This Saturday, three large cruise ships will converge at Canada Place cruise ship terminal bringing some 14,000 passengers (or guests, as we call them) here in a single day to start or finish their cruise vacation. Unfortunately, for guests travelling on three big ship-days like this Saturday, their experience in this beautiful port city may be tarnished by long lines and wait times, and congestion and confusion trying to get in or out of Canada Place.
The fact is, Canada Place was never designed to handle multiple ships of the size that are commonplace today, and will be even bigger in the future. It’s hard to imagine that the cruise ship facility that opened under the iconic white sails of Canada Place back in 1986 could handle up to five ships. And together with the two-berth Ballantyne facility east of downtown, Vancouver could accommodate up to seven ships at once. But that was over 30 years ago and a completely different era when the average cruise ship carried far fewer guests and offered very few of the array of amenities that one would see on a vessel calling Vancouver today.
This season, Vancouver will welcome 840,000 cruise passengers — nearly three times as many as it did during Expo 86. And today, all of them are being funneled through a single terminal — the now three-berth Canada Place — as the Port of Vancouver recently closed the Ballantyne cruise facility for good. As the industry grows and ships get bigger, Canada Place will be put under the stress of more days like this Saturday. The result, we fear, will be a further decline in guest satisfaction and a growing stain on Vancouver’s international tourism reputation.
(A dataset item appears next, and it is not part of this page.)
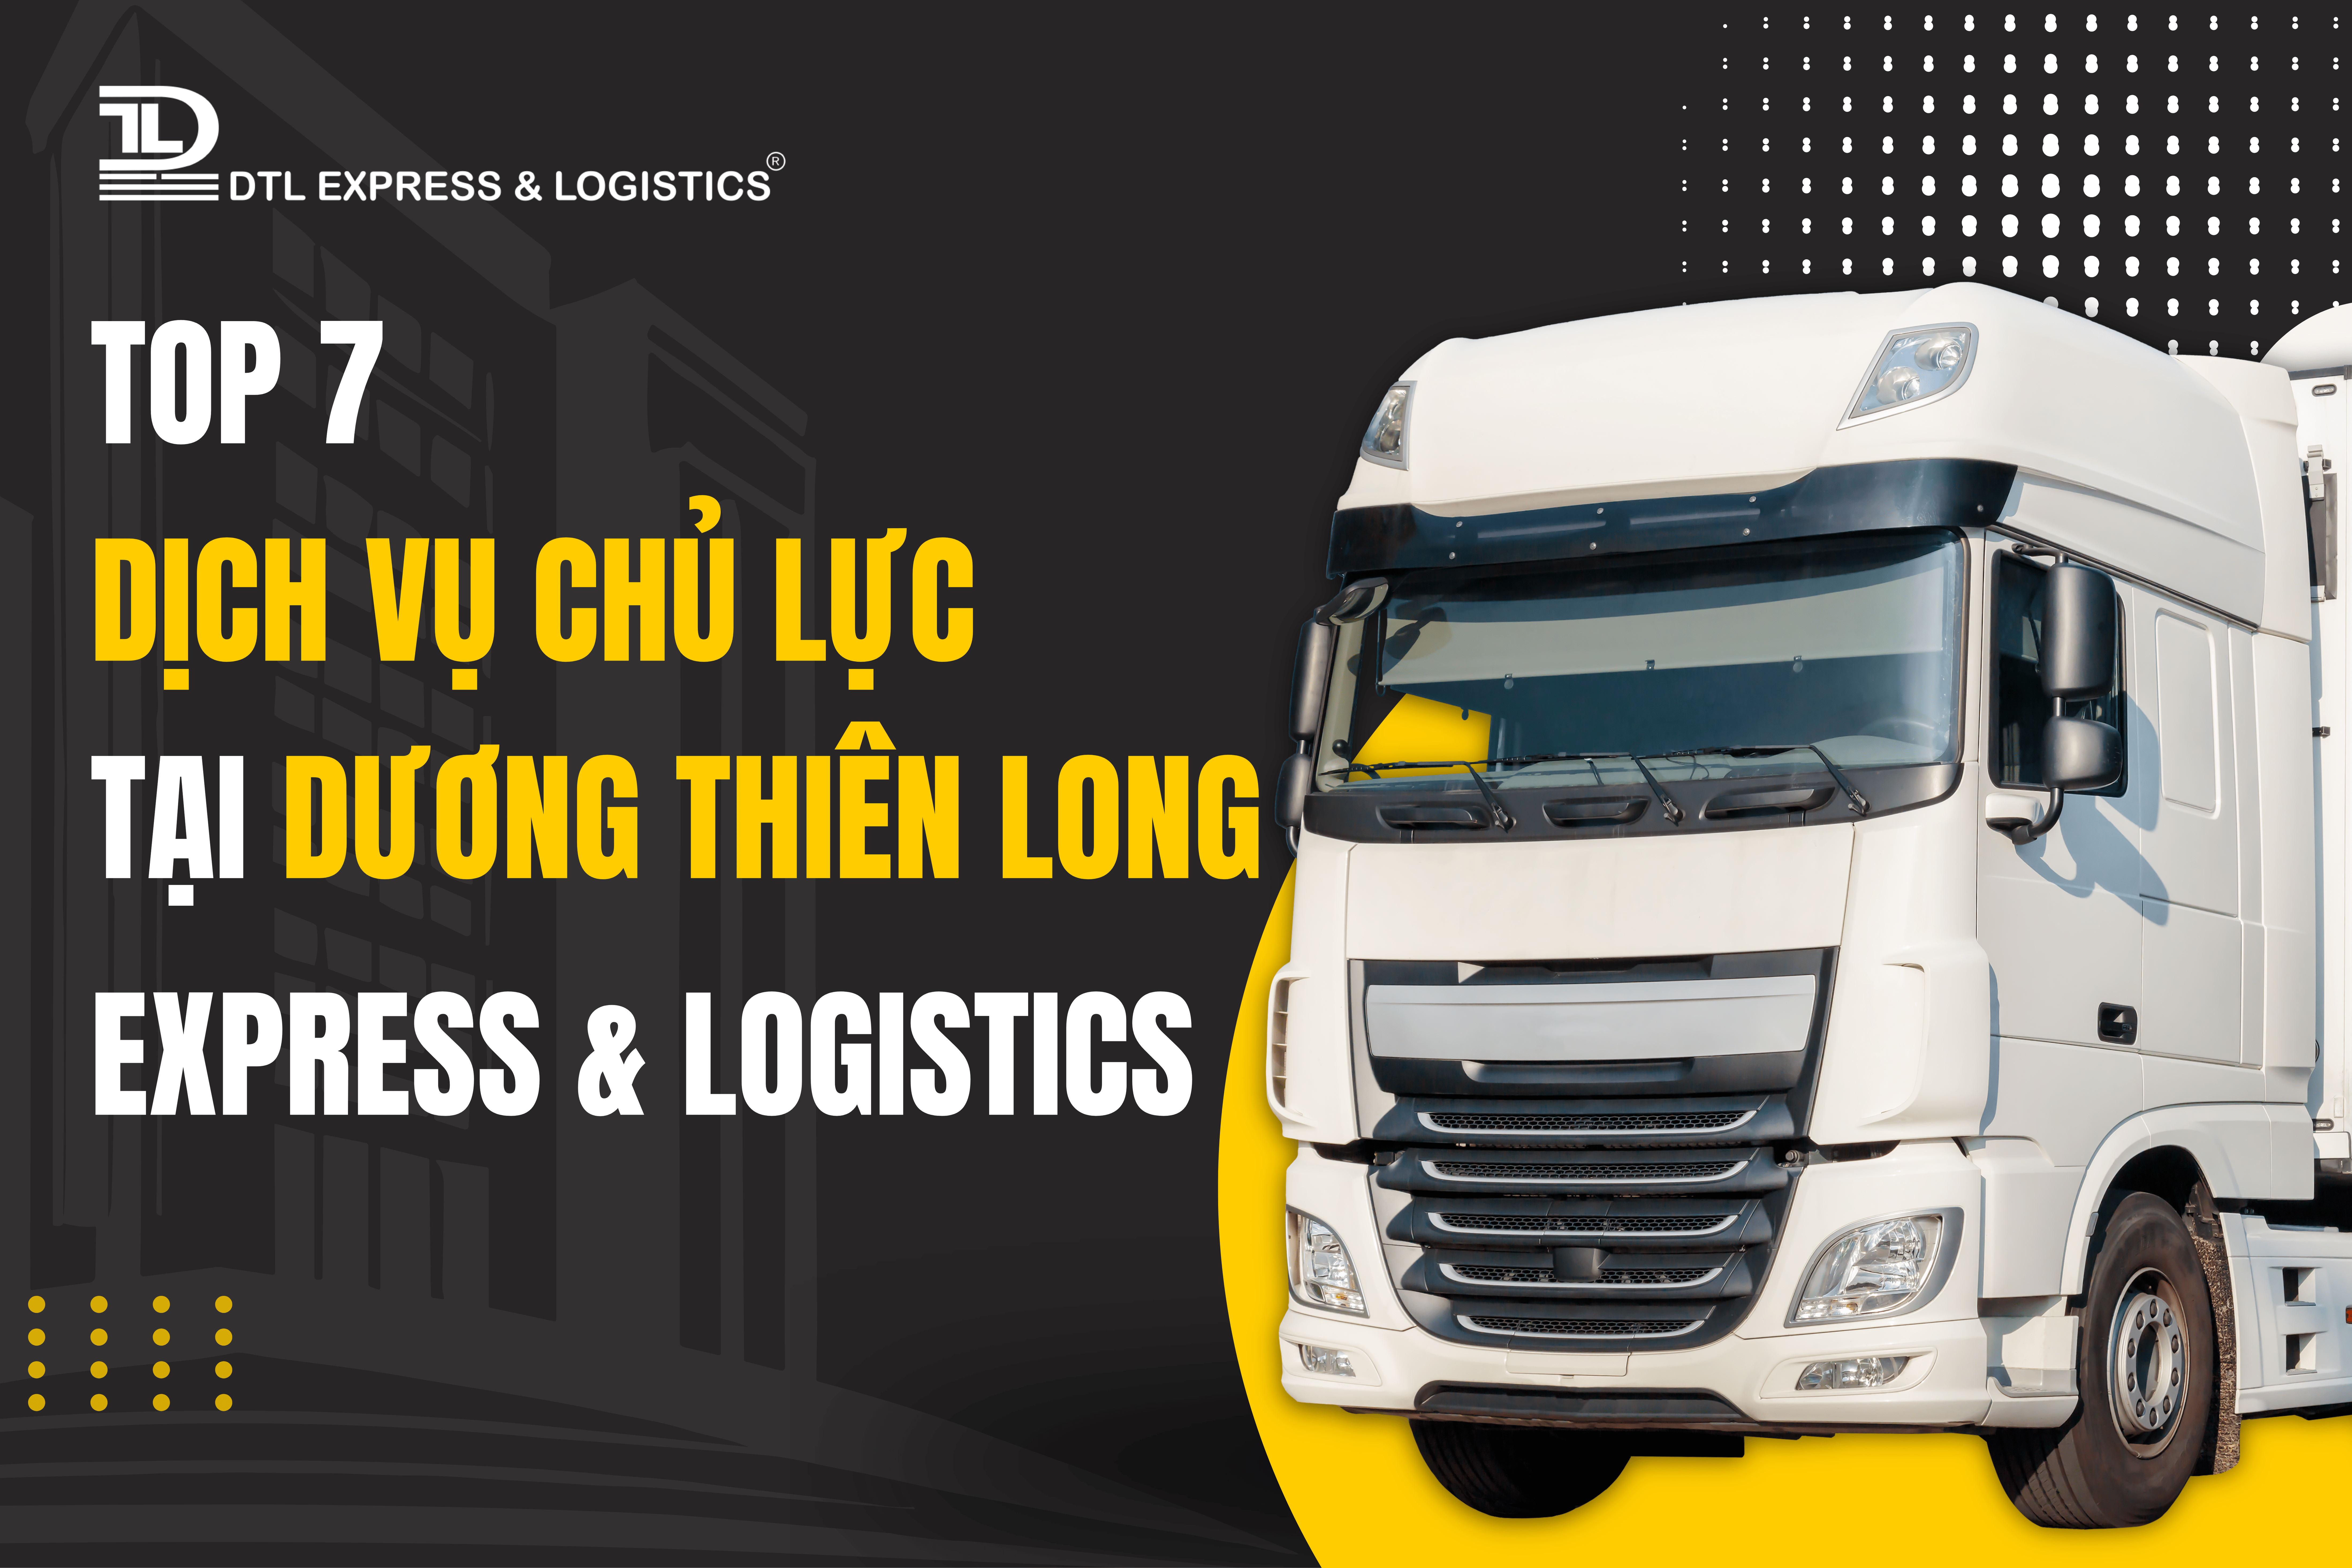 Tham khảo ngay 7 dịch vụ logistics nổi bật tại Dương Thiên Long

Cruising is big business for Vancouver and B.C. In 2016, the cruise lines, their guests and crew spent nearly $1 billion directly in B.C., employing local residents by the thousands — from longshore workers to taxi drivers to entertainers to summer students – and everything in between. All in, the total economic impact of the cruise industry in B.C. now totals $2.2 billion per year.
The cruise industry worldwide is growing. Passenger volumes are increasing by about seven per cent per year and global cruise ship capacity is set to expand by 40 per cent over the next decade. B.C. is well positioned to share in that growth and the resulting economic benefits. But the risk is, as cruise lines and their guests feel the growing strain of inadequate capacity in Vancouver, they will look for alternatives. Increasingly, Seattle is the alternative — a port that is growing its cruise business rapidly and has plans to double the economic benefits cruising brings to Washington State in the next decade. For every ship that foregoes Vancouver as a home port call — or is moved to another market — $3 million in direct local economic activity goes with it.
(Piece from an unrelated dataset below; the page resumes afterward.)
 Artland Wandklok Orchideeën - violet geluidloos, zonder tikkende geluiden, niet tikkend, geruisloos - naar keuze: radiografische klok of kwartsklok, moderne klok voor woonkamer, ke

Like the cruise industry, convention business delivers significant benefits to the B.C. economy. Conventions at the Vancouver Convention Centre alone generate an estimated $300 million a year in economic activity. Unlike the cruise industry, however, when it became apparent that convention space in Vancouver was inadequate, new capacity was built. For the cruise industry, capacity in Vancouver has been reduced.
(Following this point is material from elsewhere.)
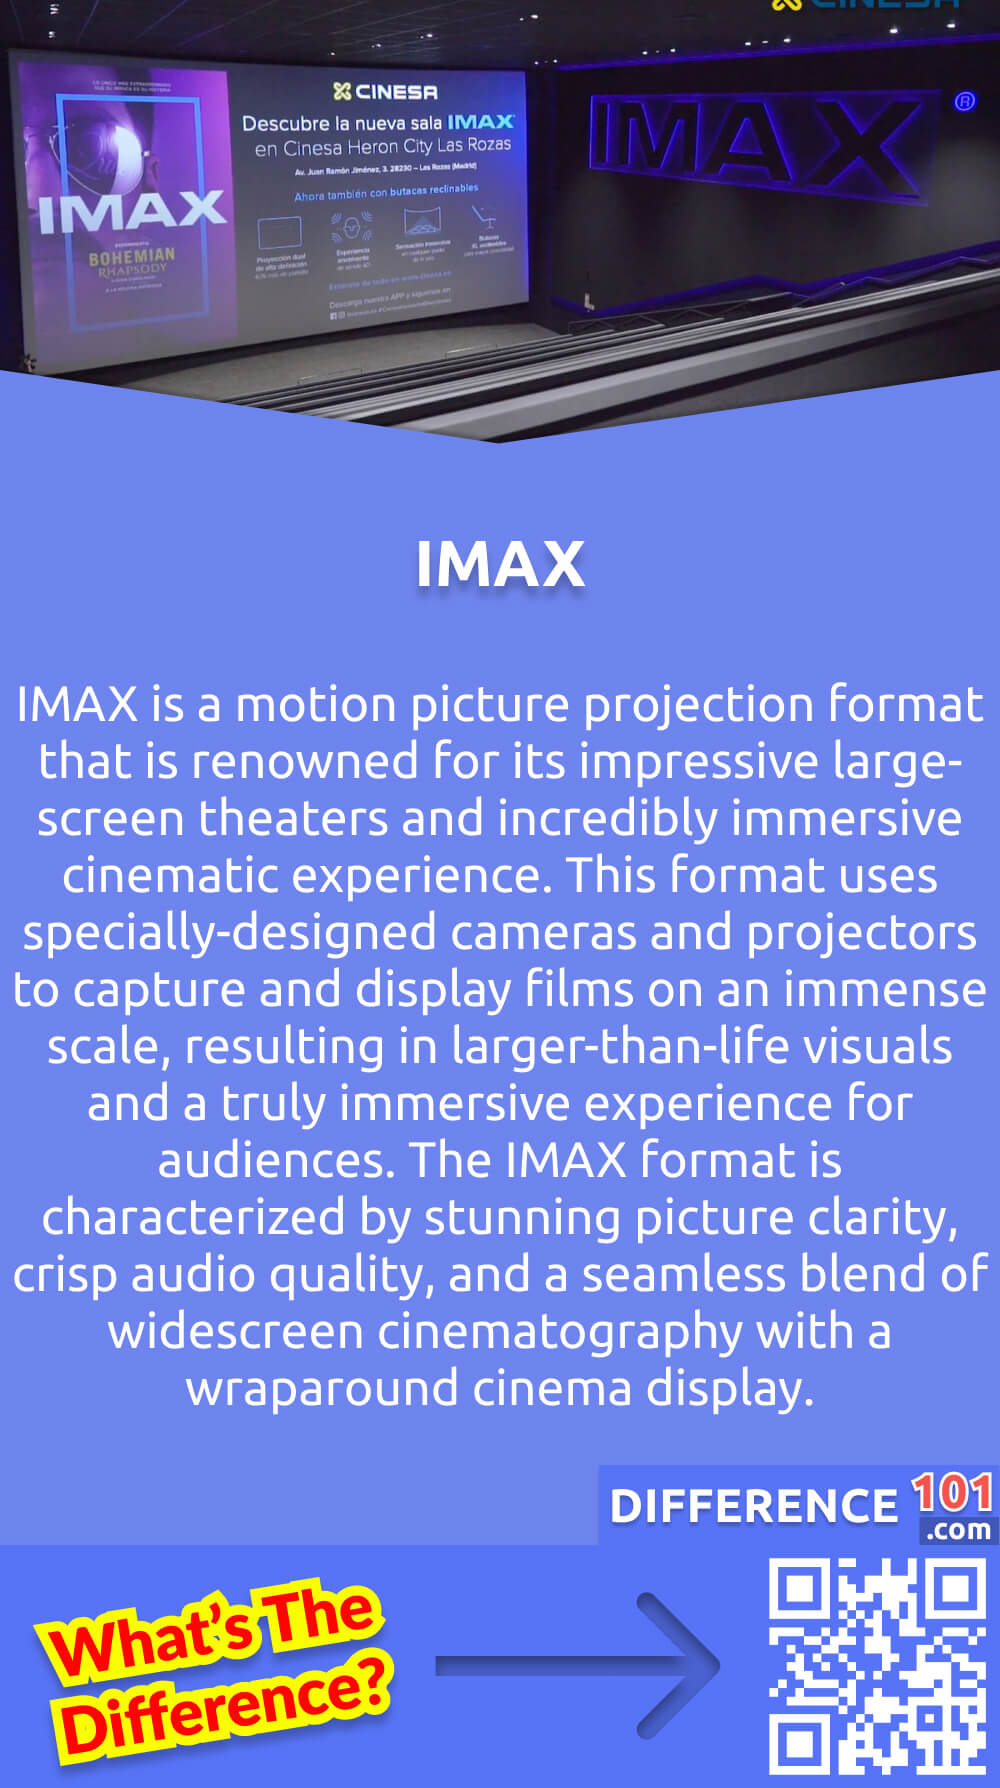 Was ist IMAX? IMAX ist ein Filmprojektionsformat, das für seine beeindruckenden Großbildkinos und sein unglaublich intensives Kinoerlebnis bekannt ist. Bei diesem Format werden speziell entwickelte Kameras und Projektoren verwendet, um Filme in einem riesigen Maßstab zu erfassen und zu zeigen, was zu überlebensgroßen Bildern und einem wahrhaft eindringlichen Erlebnis für die Zuschauer führt. Das IMAX-Format zeichnet sich durch eine atemberaubende Bildschärfe, eine klare Tonqualität und eine nahtlose Verschmelzung von Breitwandkinematografie mit einer Rundum-Kinoanzeige aus. IMAX-Kinos eignen sich besonders gut für actiongeladene Filme, Naturdokumentationen und visuell beeindruckende Kunstwerke, die es verdienen, in einem wahrhaft epischen Rahmen gesehen zu werden. Als weltweit führendes Unternehmen im Bereich der großformatigen Unterhaltung setzt IMAX immer wieder neue Maßstäbe und definiert die Art und Weise, wie die Menschen die Kunst des Films wahrnehmen, neu.

The cruise industry must plan years into the future. If Vancouver is to maintain its place on the Alaska cruise itinerary and take advantage of global growth, it needs to do the same. The Port’s current plans, focused on optimizing cruise business at Canada Place, will not adequately address current constraints or future opportunities. It’s time for a new plan. The cruise industry is looking to our partners at the Port, in the tourism sector and in government to work with us on a new plan that responds to evolving industry trends — and ensures the city, the region and the province can continue to share in the benefits of this popular and growing industry.
Greg Wirtz is president and CEO of Cruise Lines International Association, North West and Canada.